• [Aim of the exercise]: Each line in the material below, starting at the one with "Nürnberg in Aufsicht" and ending at the one with "Ladies Rieker Shoes 41735", is to be reproduced exactly; no picture is to be copied.

• [Material supplied]:
--- START ---

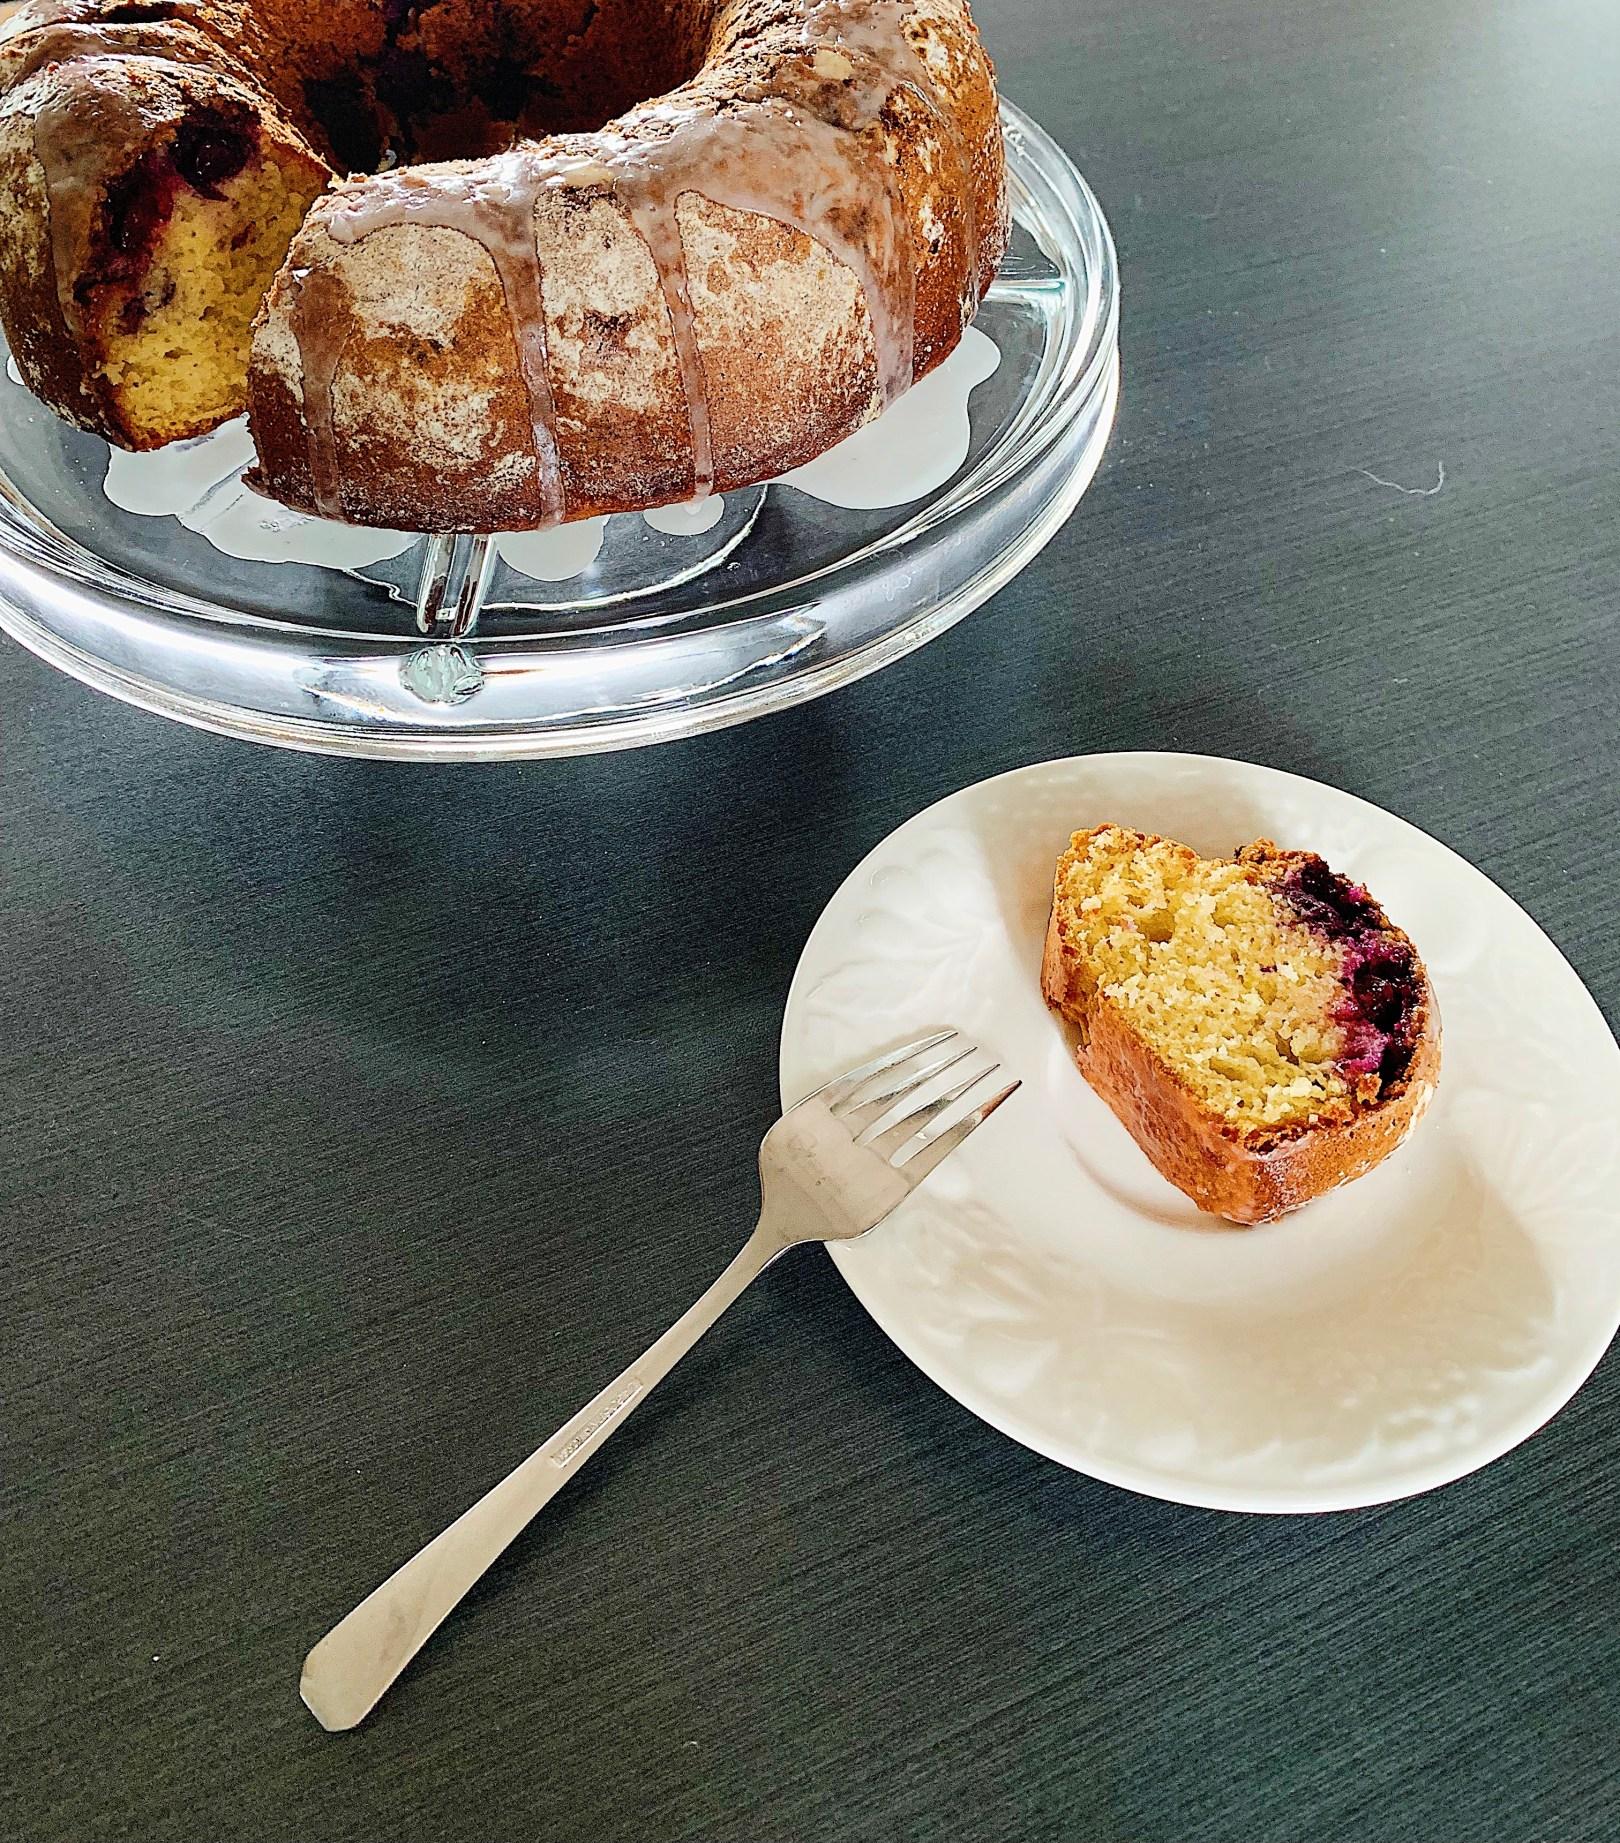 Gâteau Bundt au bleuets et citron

--- END ---
--- START ---

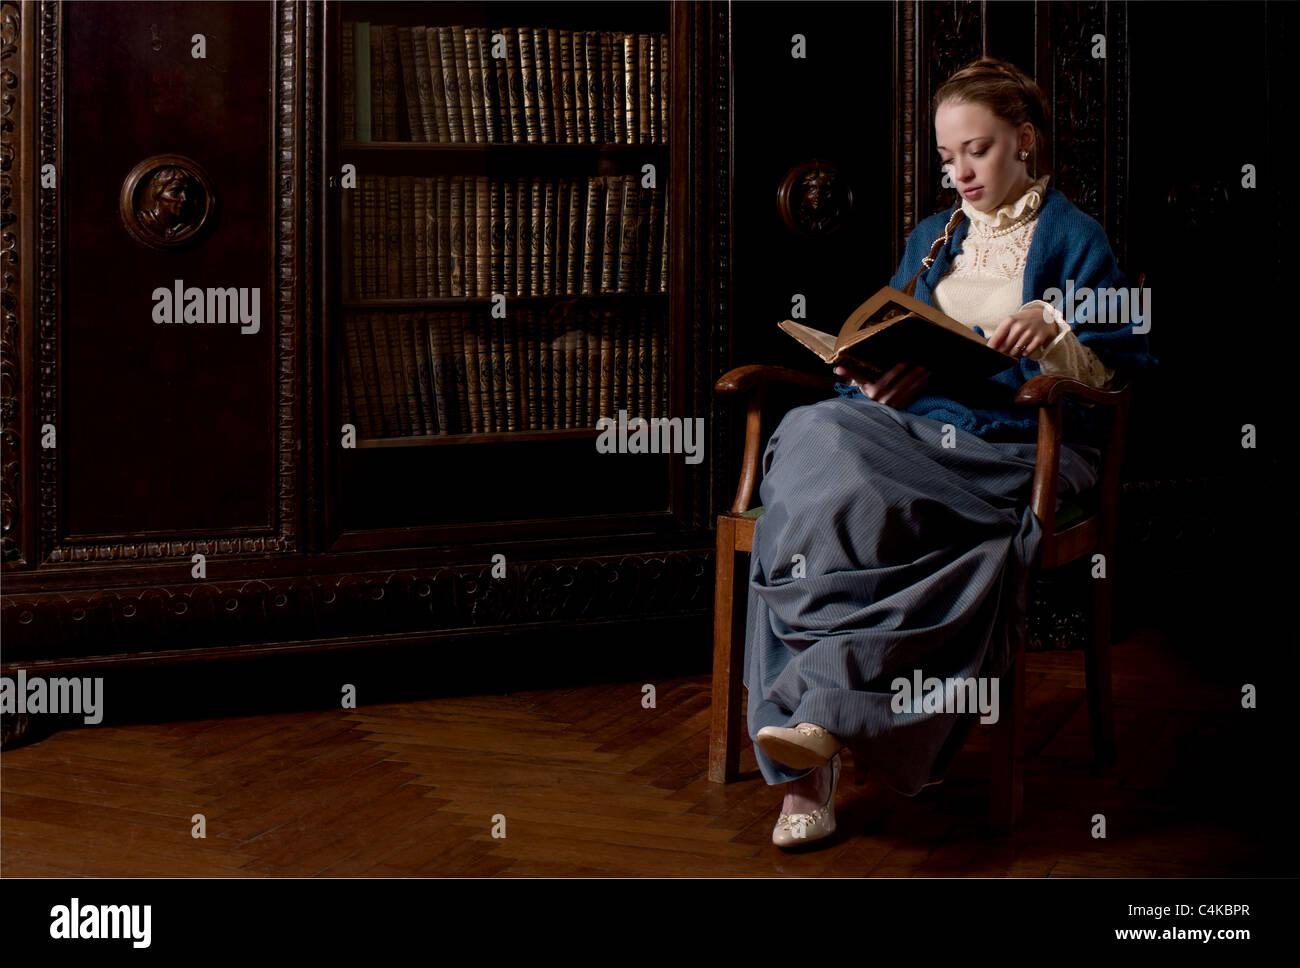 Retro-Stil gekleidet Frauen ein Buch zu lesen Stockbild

--- END ---
--- START ---

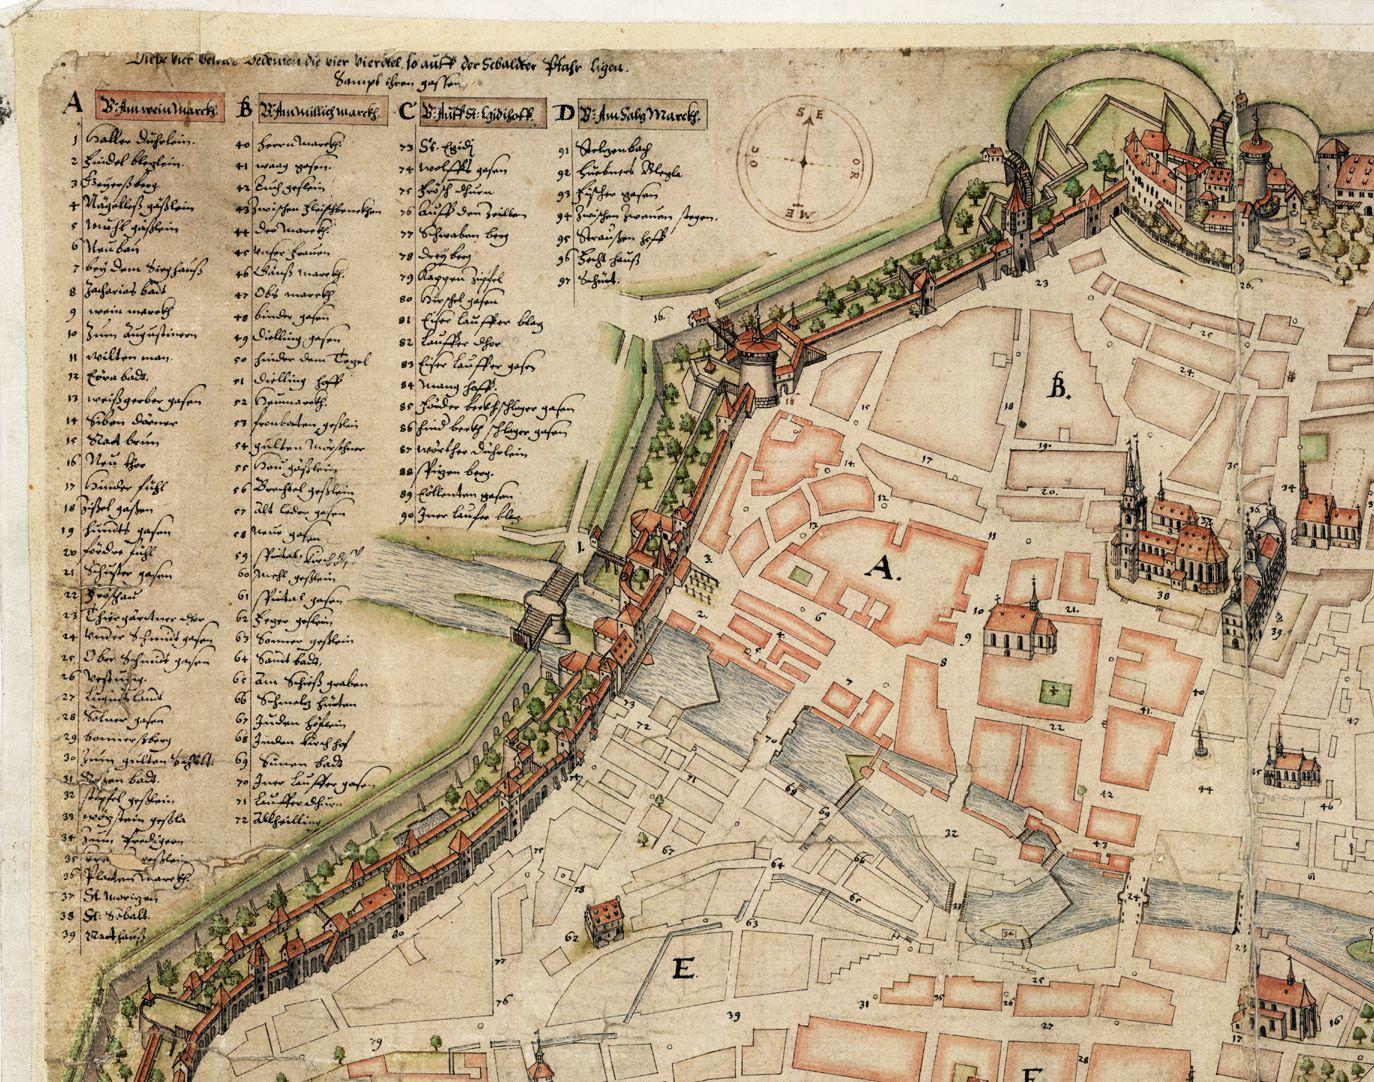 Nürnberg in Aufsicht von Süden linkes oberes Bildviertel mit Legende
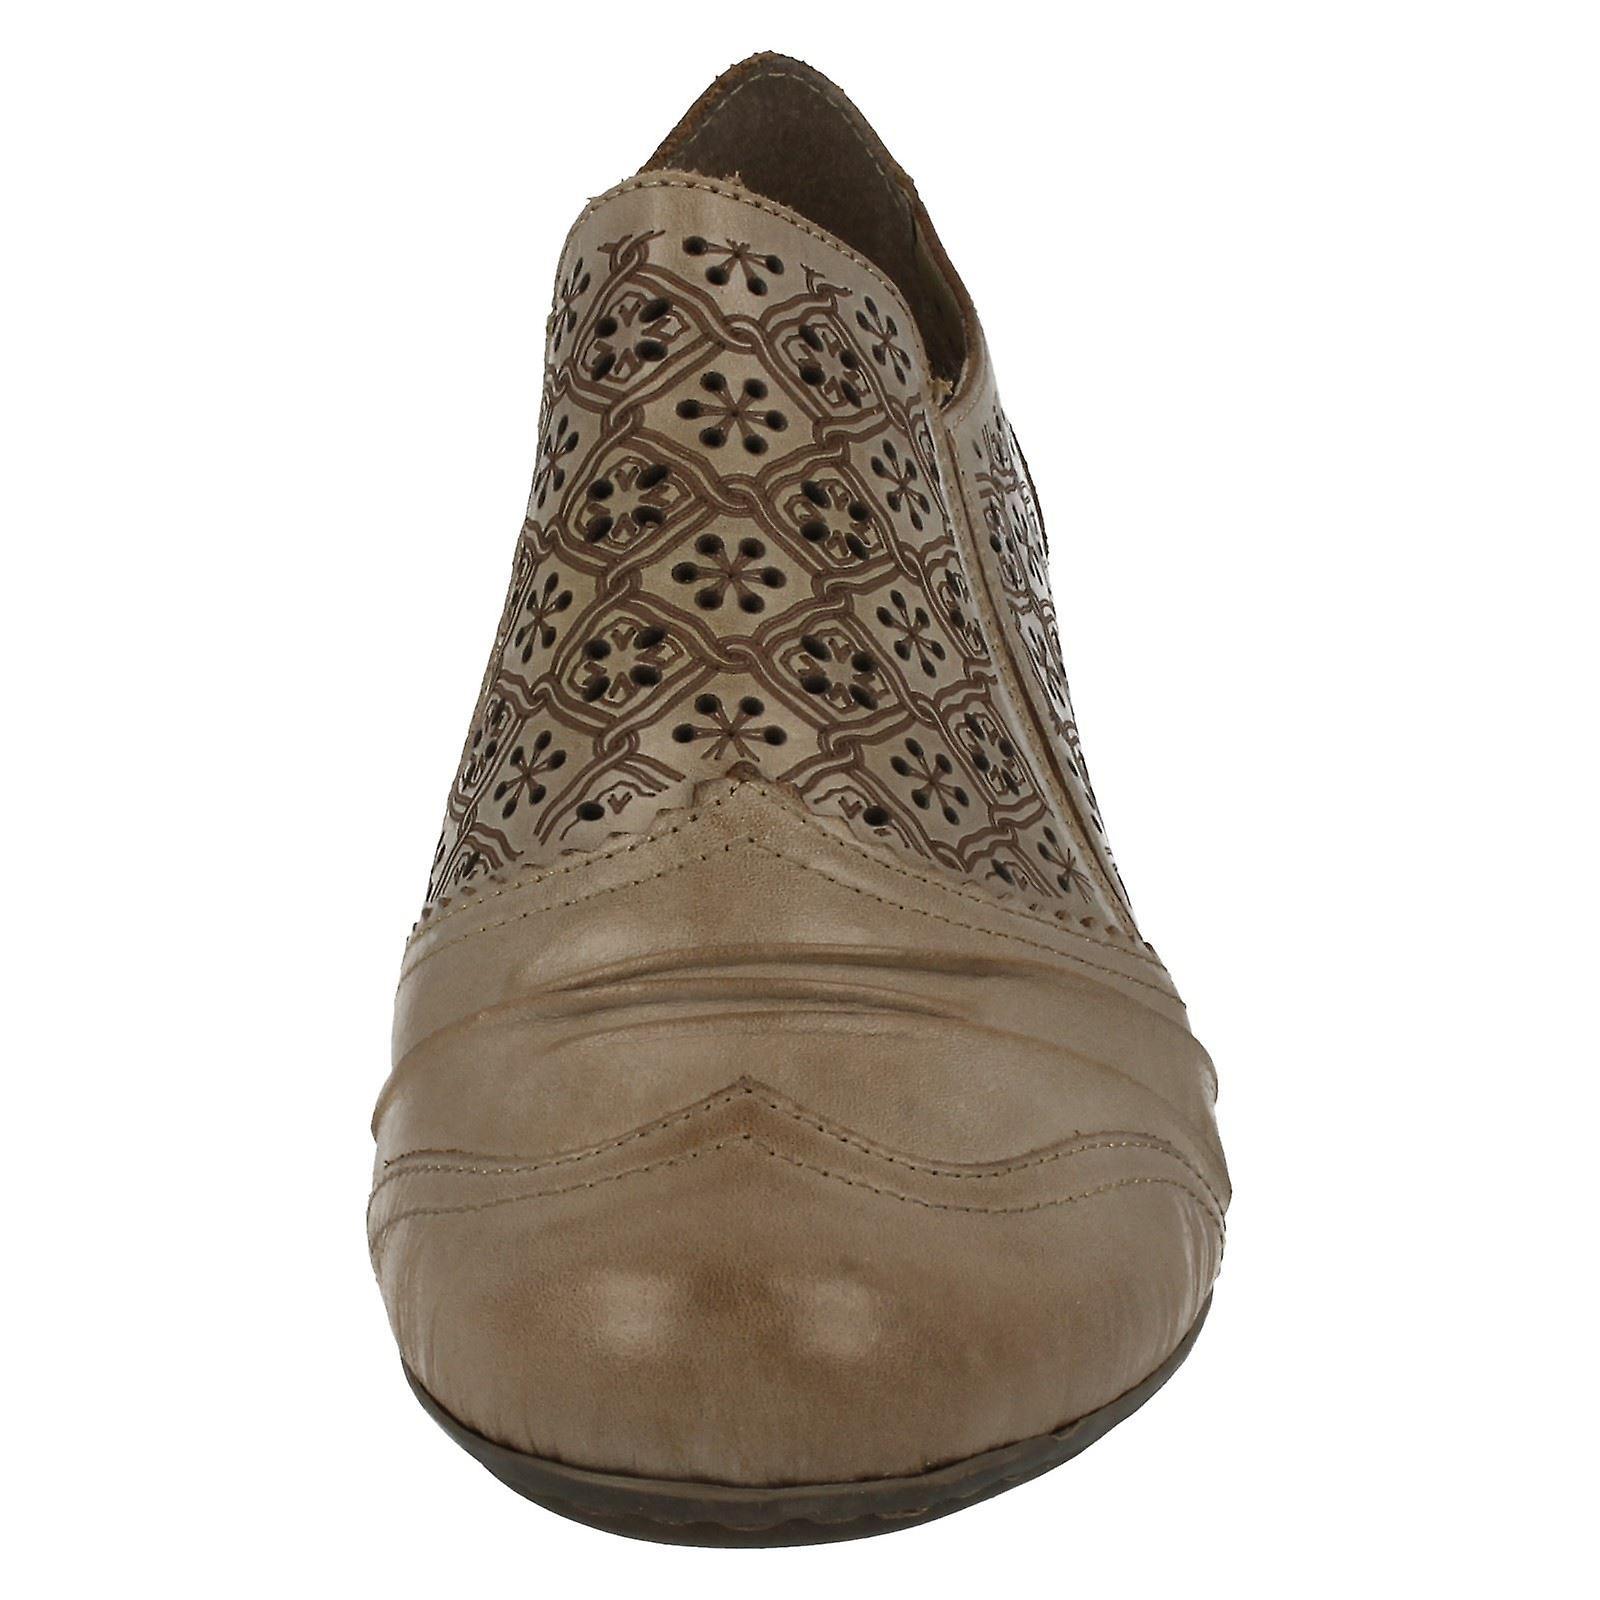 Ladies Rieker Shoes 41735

--- END ---

• [Solution]:
 Nürnberg in Aufsicht von Süden linkes oberes Bildviertel mit Legende
 Ladies Rieker Shoes 41735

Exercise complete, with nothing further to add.